渋沢栄一翁の子孫であります渋澤健(しぶさわ けん)さんから送っていただく「渋澤レター」が、私の考え方の一つのヒントになっていることを、このブログでも時々紹介させていただいております。先日、送られてきた「渋澤レター」には、2020年に向かっての考え方について触れられていました。

1964年に日本で開催された東京オリンピックは、その後の時代の象徴になったことは言うまでもありません。様々な社会インフラが整備され、日本の経済成長を支え、「Made in Japan」が世界のブランドとなり、日本は繁栄の時代を迎えることができたと渋澤さんも言っておられます。

しかし、現在はもはや「Made in Japan」で今後の繁栄を描くことはできません。輸出大国というモデルで日本が栄えることには限界が来ています。かつて、日本が「世界の工場」と言われた時代は、神戸港、横浜港、東京港のコンテナ取扱個数は、いずれも世界ランキングベスト20の中に入っていました。しかし、現在は見る影もありません。東京港が29位で、横浜港は54位、神戸港は57位です。

では、「Made by Japan」。日本によって作られることが高く評価される、そういう時代かというと、そうでもありません。日本のブランドが世界で評価を得ていることは事実ですが、分野によっては中国や韓国などとの競合が多く「Made by」だけでは特徴が出しにくくなっていると指摘されています。

そこで渋澤さんは、「Made with Japan」。これが2020年から再び日本が繁栄の時代を迎えるための大切な心得であり、国家戦略でないかと言っておられます。渋澤さんは、例えば日本人のモノづくりの「匠(たくみ)の技」を用いて、現地の国の人材や素材を活用して「共創」する(共に創る)こと、これが「Made with Japan」の概念と説明しています。

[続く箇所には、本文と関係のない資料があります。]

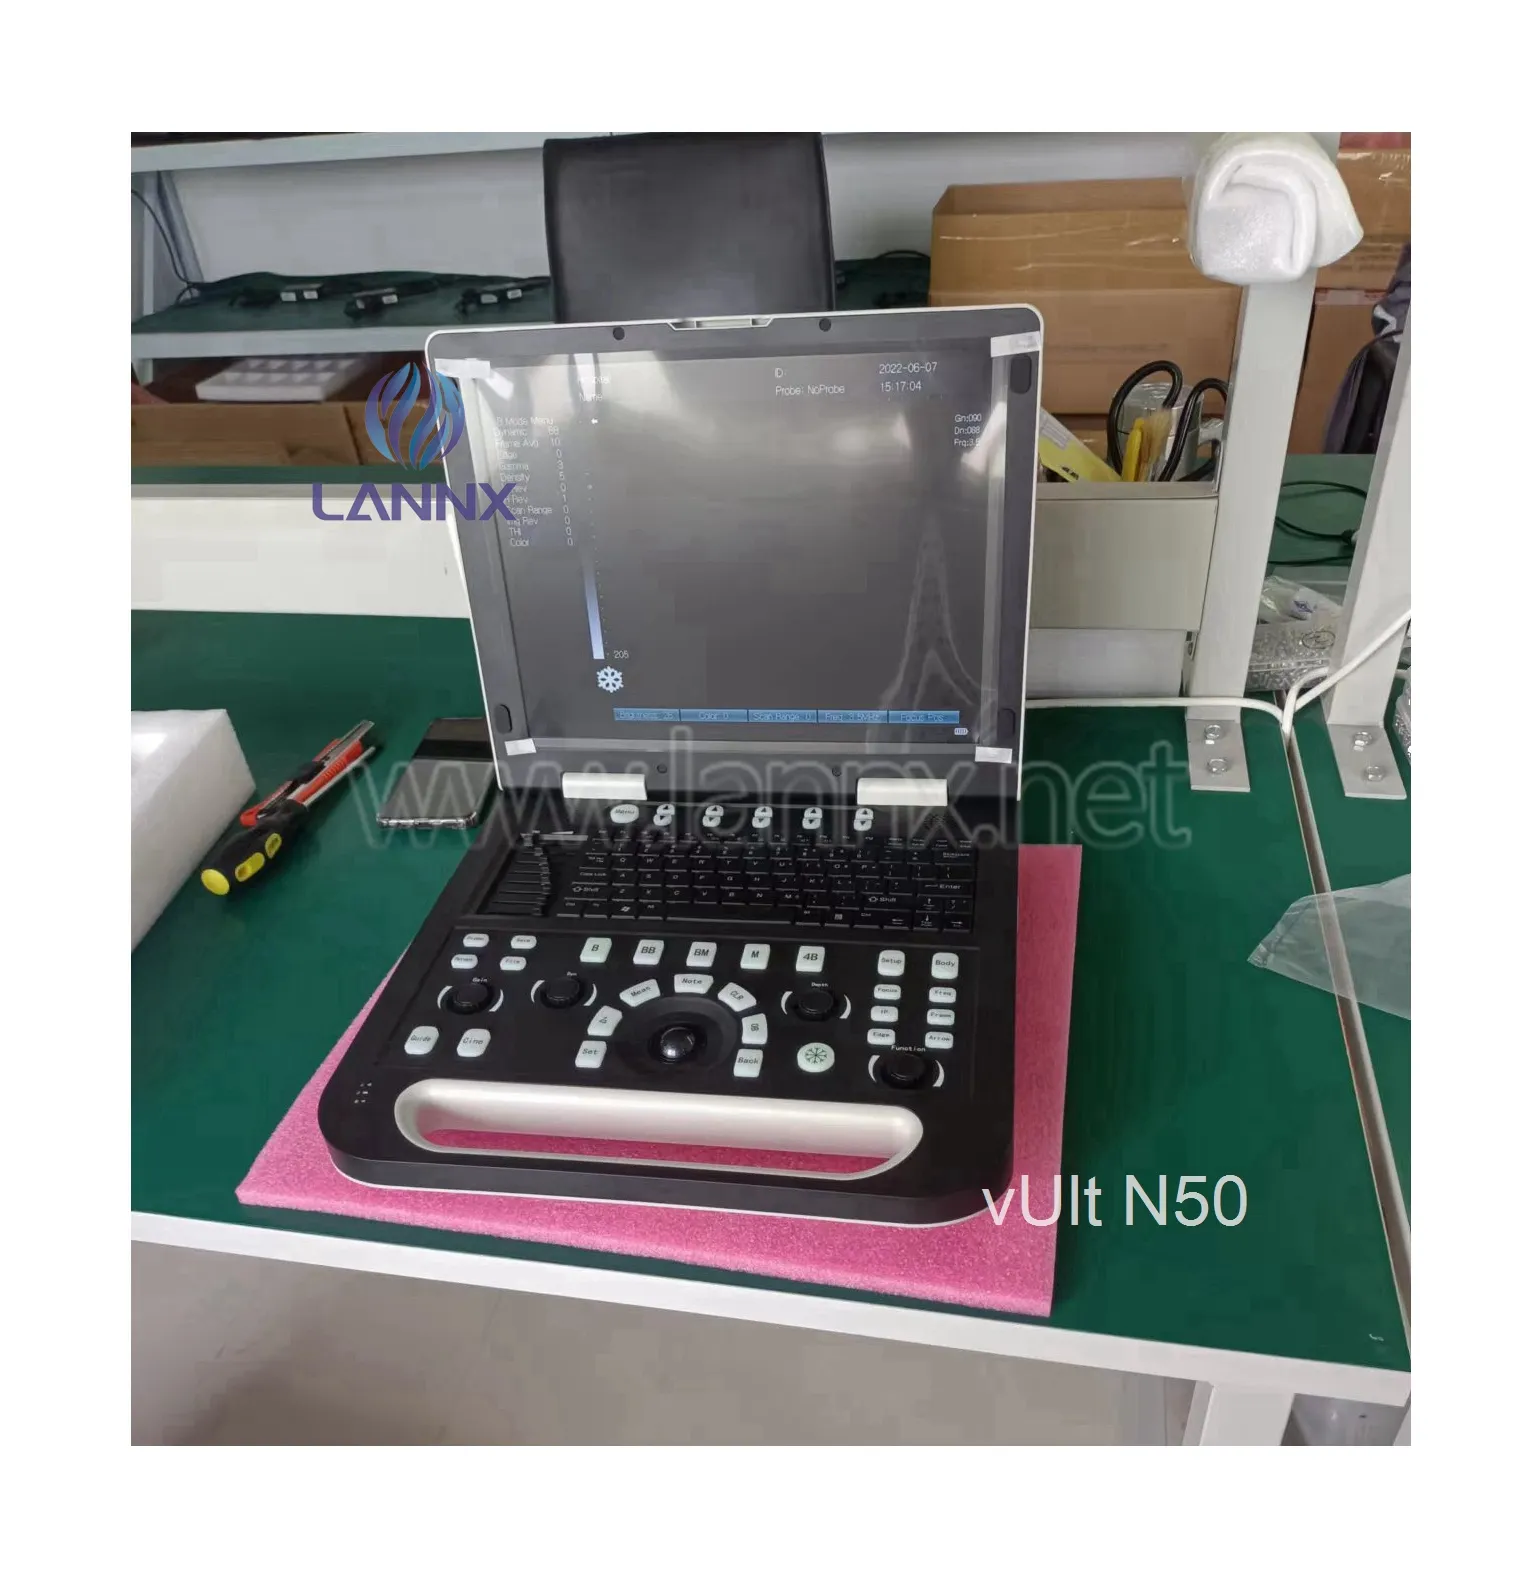 LANNX vUlt N50 Animal Ecografo Portatil Pregnancy Vet Ultrasound Sonar Scanners Pet Medical Diagnostic Portable usg

2020年の東京オリンピックでも、日本が世界を「おもてなし」するだけでは不十分だそうです。「おもてなし」ということは、相手をお客様扱いするということになります。つまり他人だということです。パートナーではありませんと。一方、2020年東京オリンピックが「Made with Japan」というメッセージをしっかりと世界に伝え、時代の象徴になれば、日本の将来は明るいと言っておられます。

世界が自国第一主義の時代に突入しても、「Made with Japan」であれば、世界の国々にとって日本は自国を脅かす存在ではなく、「共創」するパートナーであるという立場を持つと述べられています。

確かに「Made with Japan」は、大きなヒントになる概念かもしれません。国と国との間に必要なのは、橋を架けることであって、壁を作ることではありません。特に、社会の分断が進み自己利益中心の世界になってきている昨今、あえて日本はその反対の概念を行くというのは、日本の国家戦略としても、また先進国が果たすべき責任という面からも、大事なことかもしれません。